WHAT IS BEING ASKED: Can the lines below, from the one that holds "alan_wake_game-1920x1080.jpg" to the very end, be echoed exactly, with both ends included and no pictures?

Top of INFORMATION SHOWN

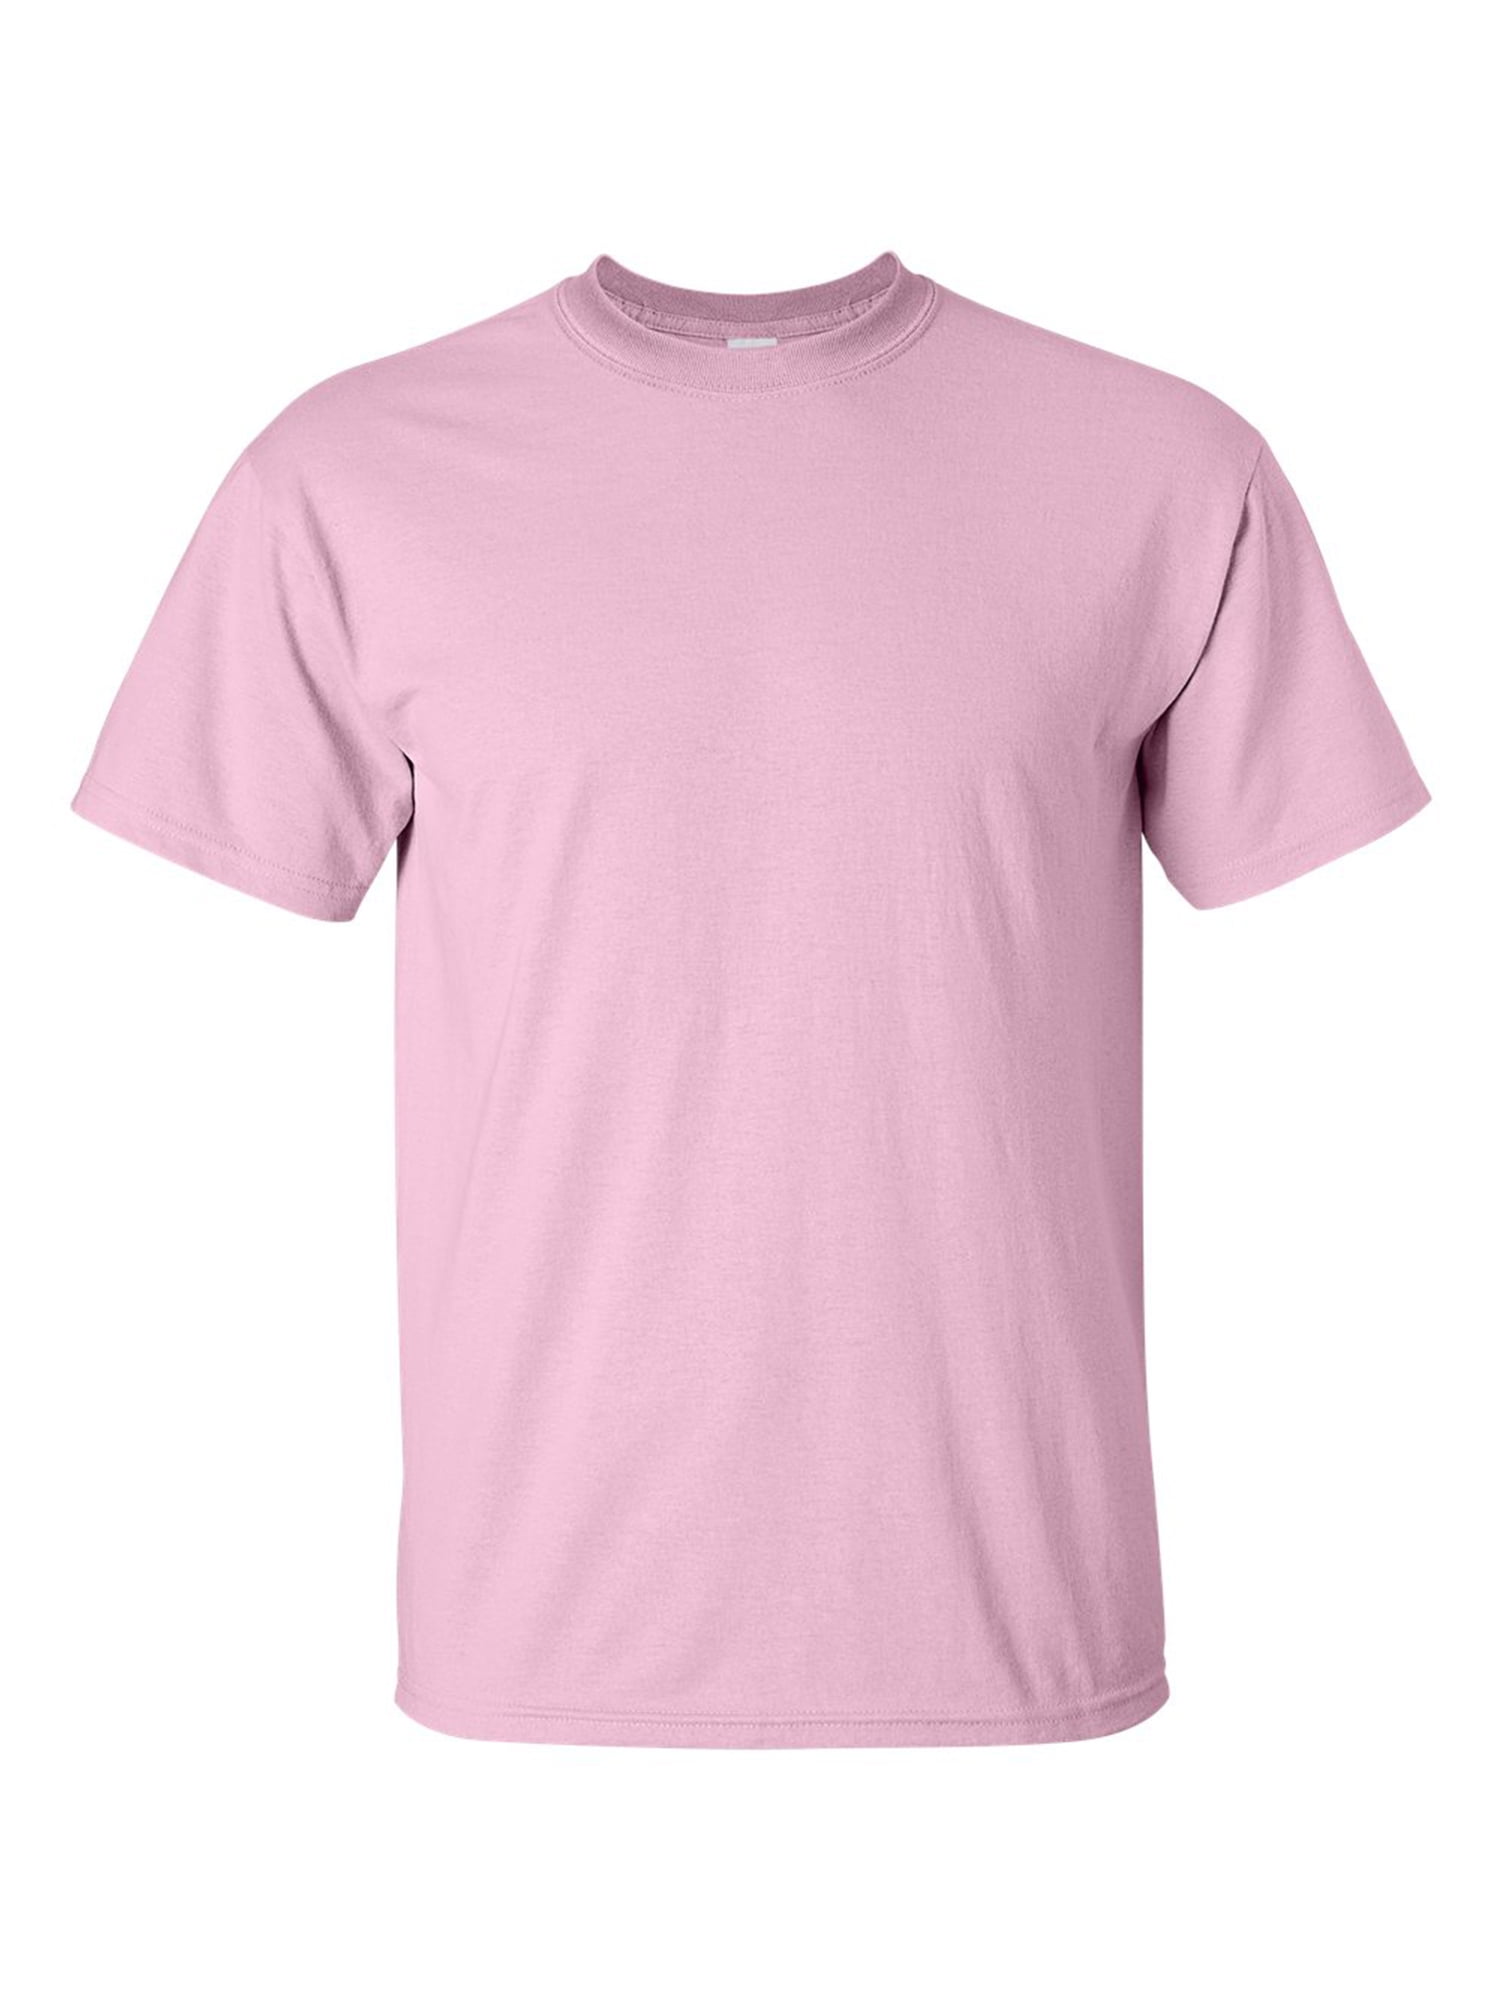 gildan light pink t shirt
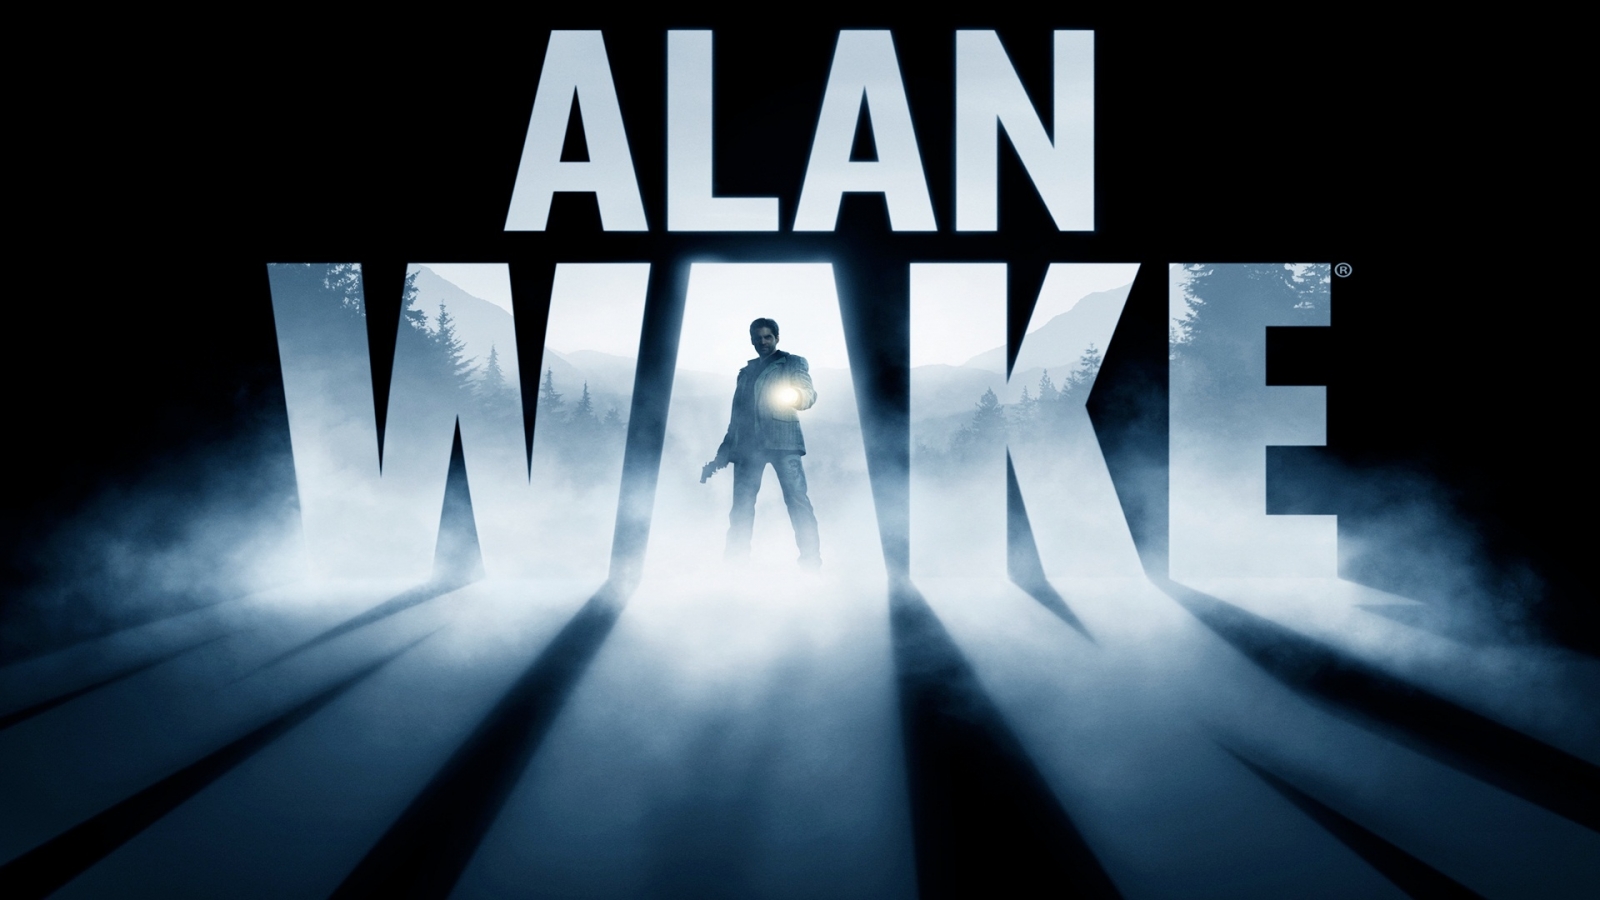 alan_wake_game-1920x1080.jpg
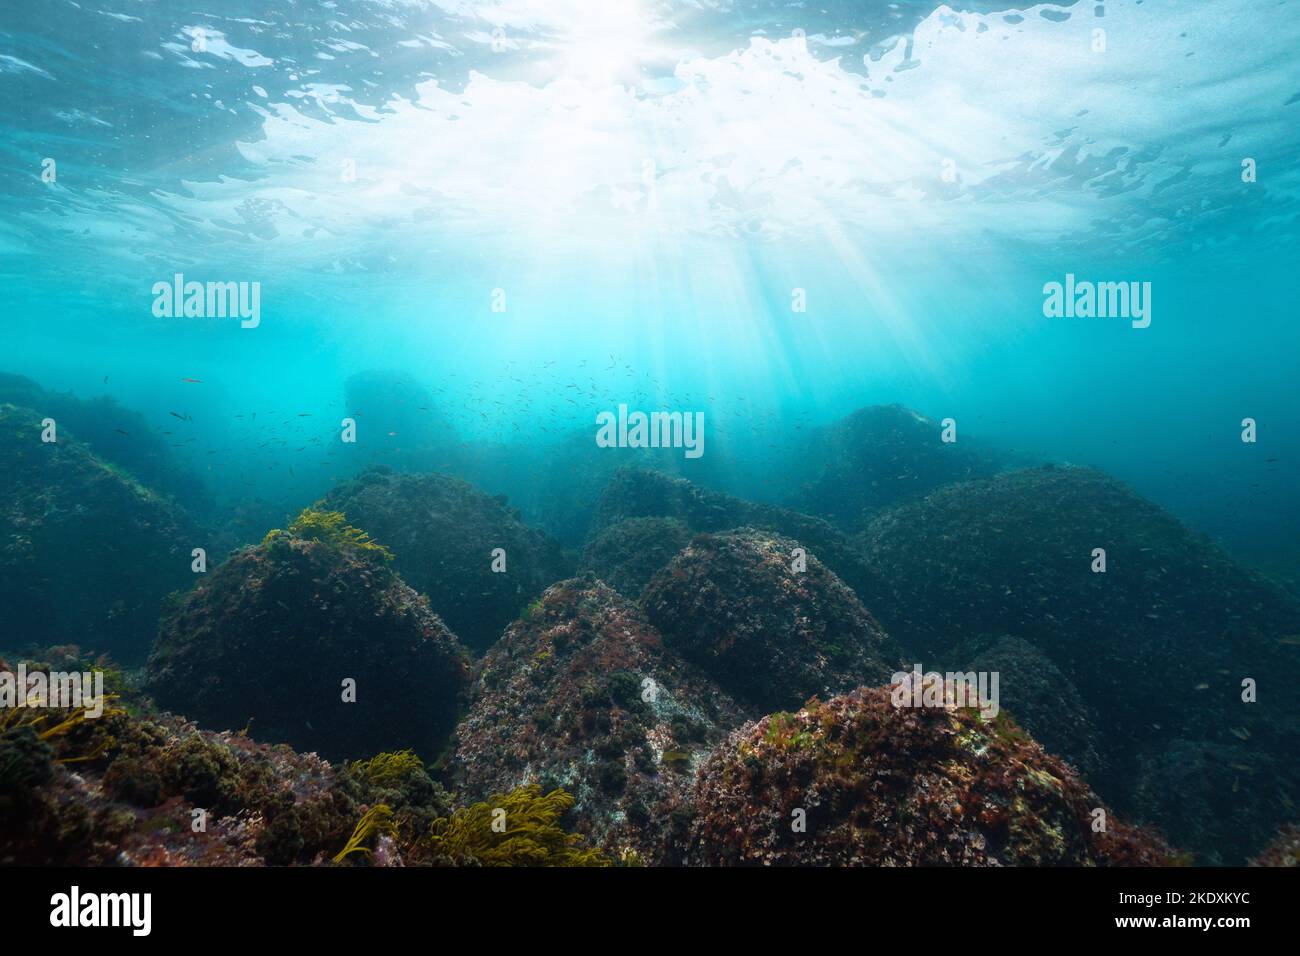 Soleil sous l'eau avec des rochers sur le fond de l'océan, océan Atlantique, Espagne, Galice Banque D'Images

Bottom of INFORMATION SHOWN

EXPECTED ANSWER:
 alan_wake_game-1920x1080.jpg
 Soleil sous l'eau avec des rochers sur le fond de l'océan, océan Atlantique, Espagne, Galice Banque D'Images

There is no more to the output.